**Work request**
Skip the pictures. Retype exactly, and only, the lines between the line holding "Fully terminated single" and the last line below, inclusive.

**Data segment**
━━━━━━━━━━

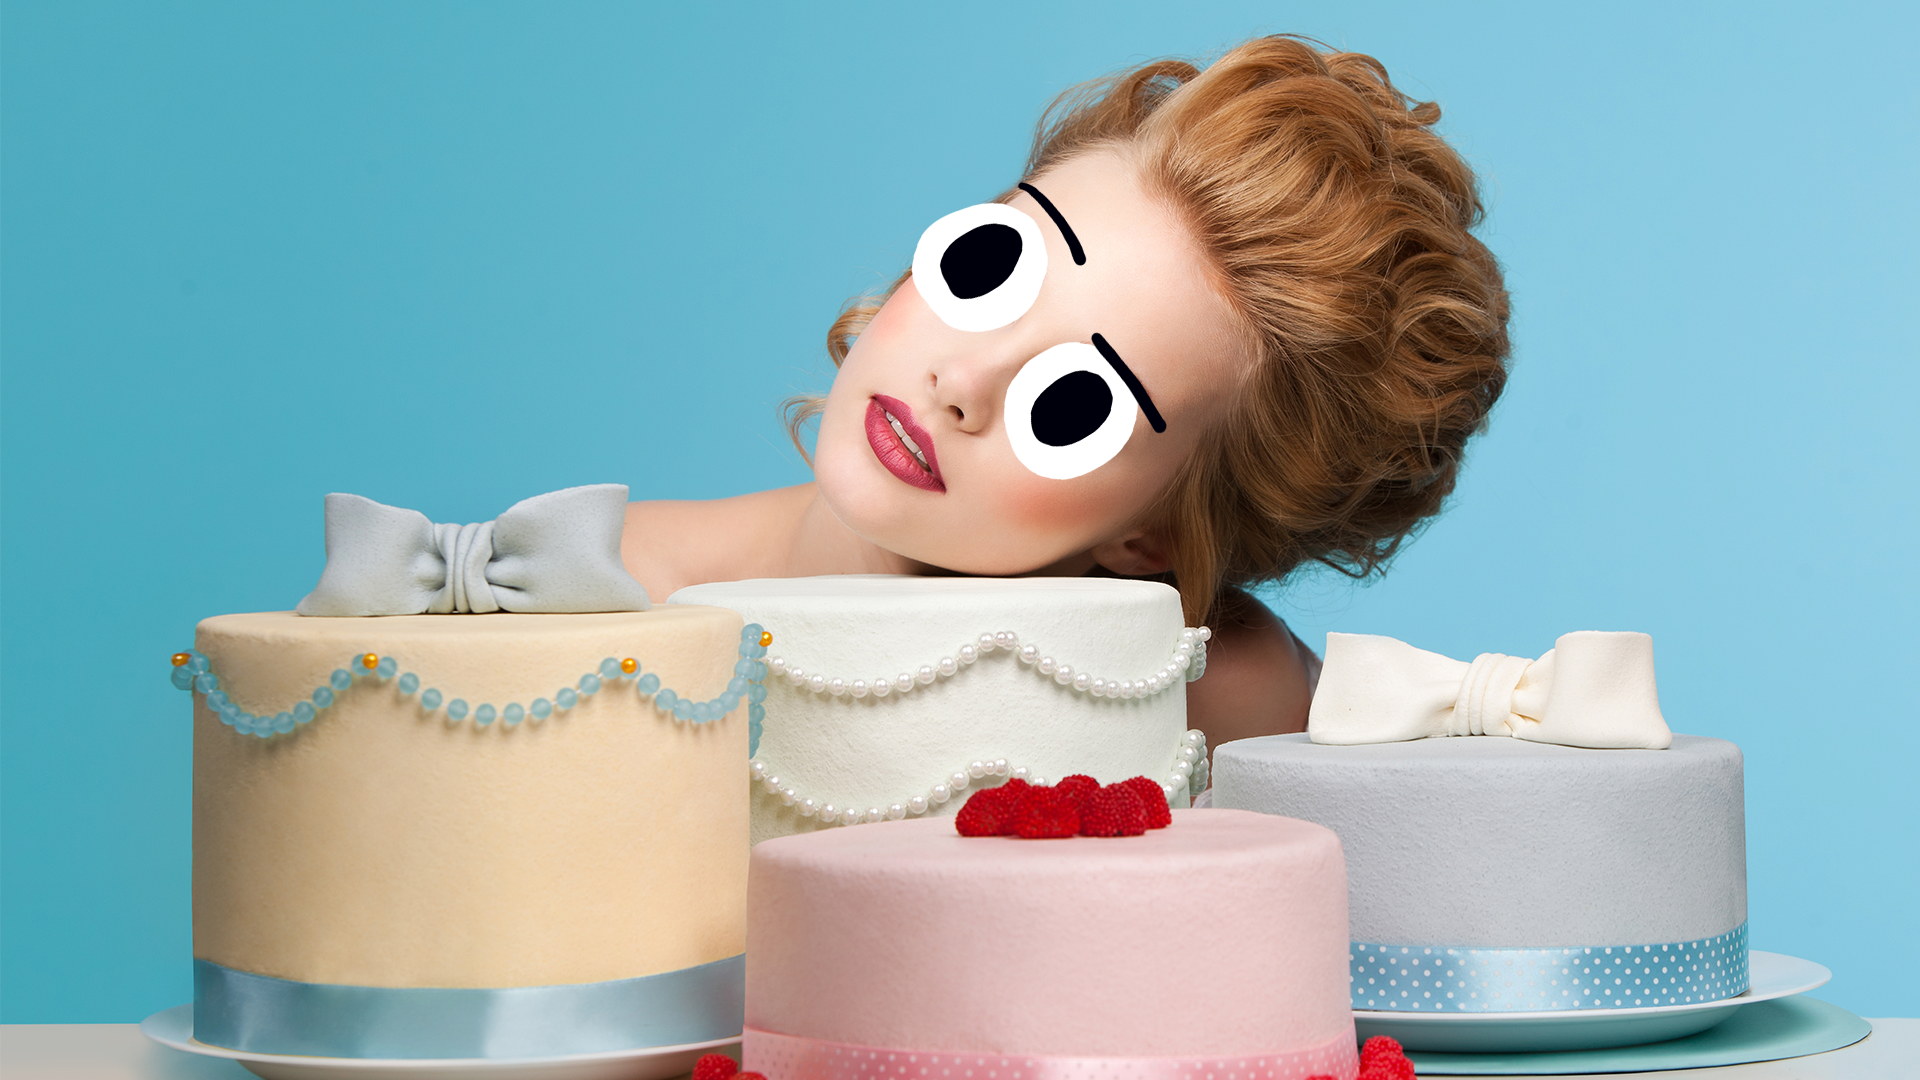 A woman examining some fancy cakes
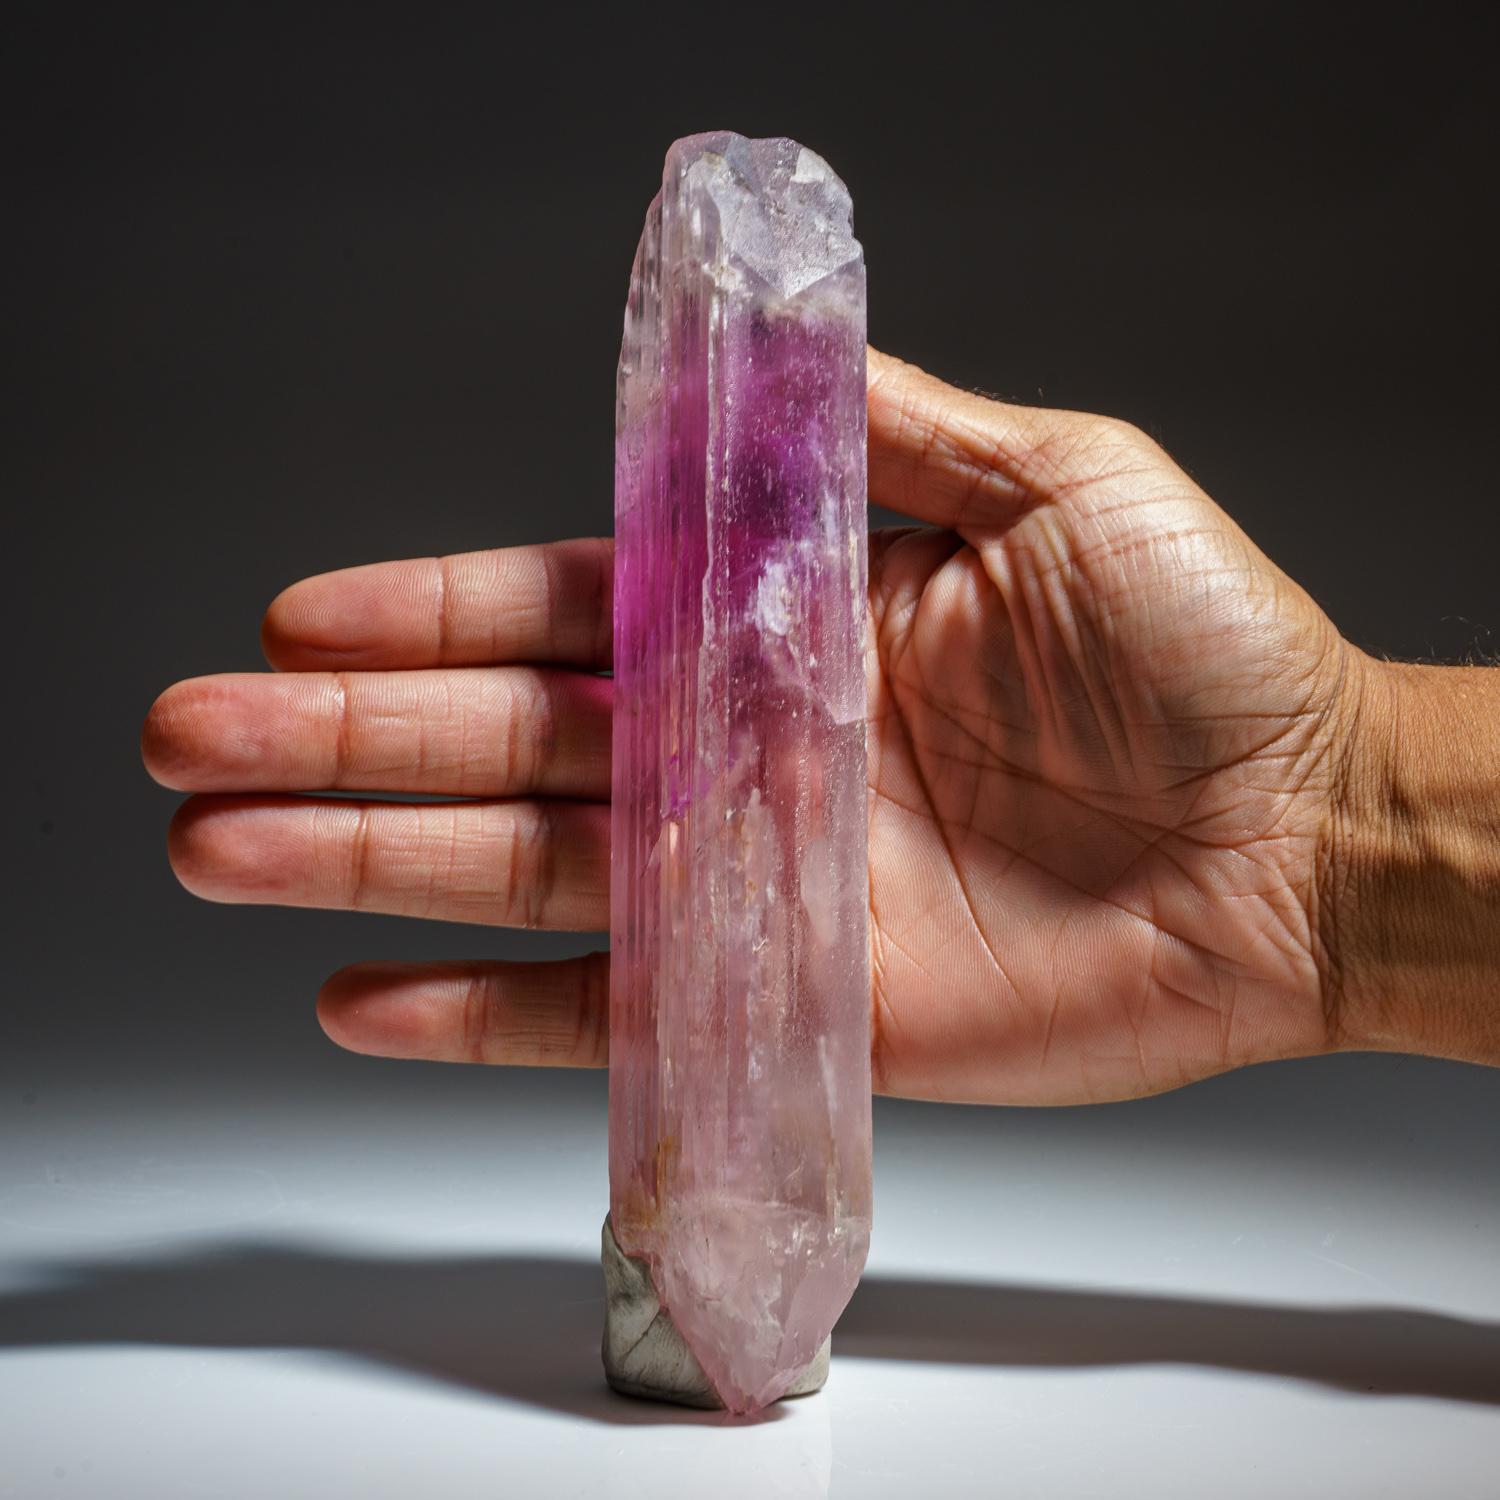 Fully terminated single crystal of transparent gem quality spodumene var. Kunzite. The crystal faces are composed of smaller lustrous parallel crystal faces.

Kunzite is a beautiful crystal, pure in energy and joyful in nature. In palest pink to

━━━━━━━━━━

**Task answer**
 Fully terminated single crystal of transparent gem quality spodumene var. Kunzite. The crystal faces are composed of smaller lustrous parallel crystal faces.

Kunzite is a beautiful crystal, pure in energy and joyful in nature. In palest pink to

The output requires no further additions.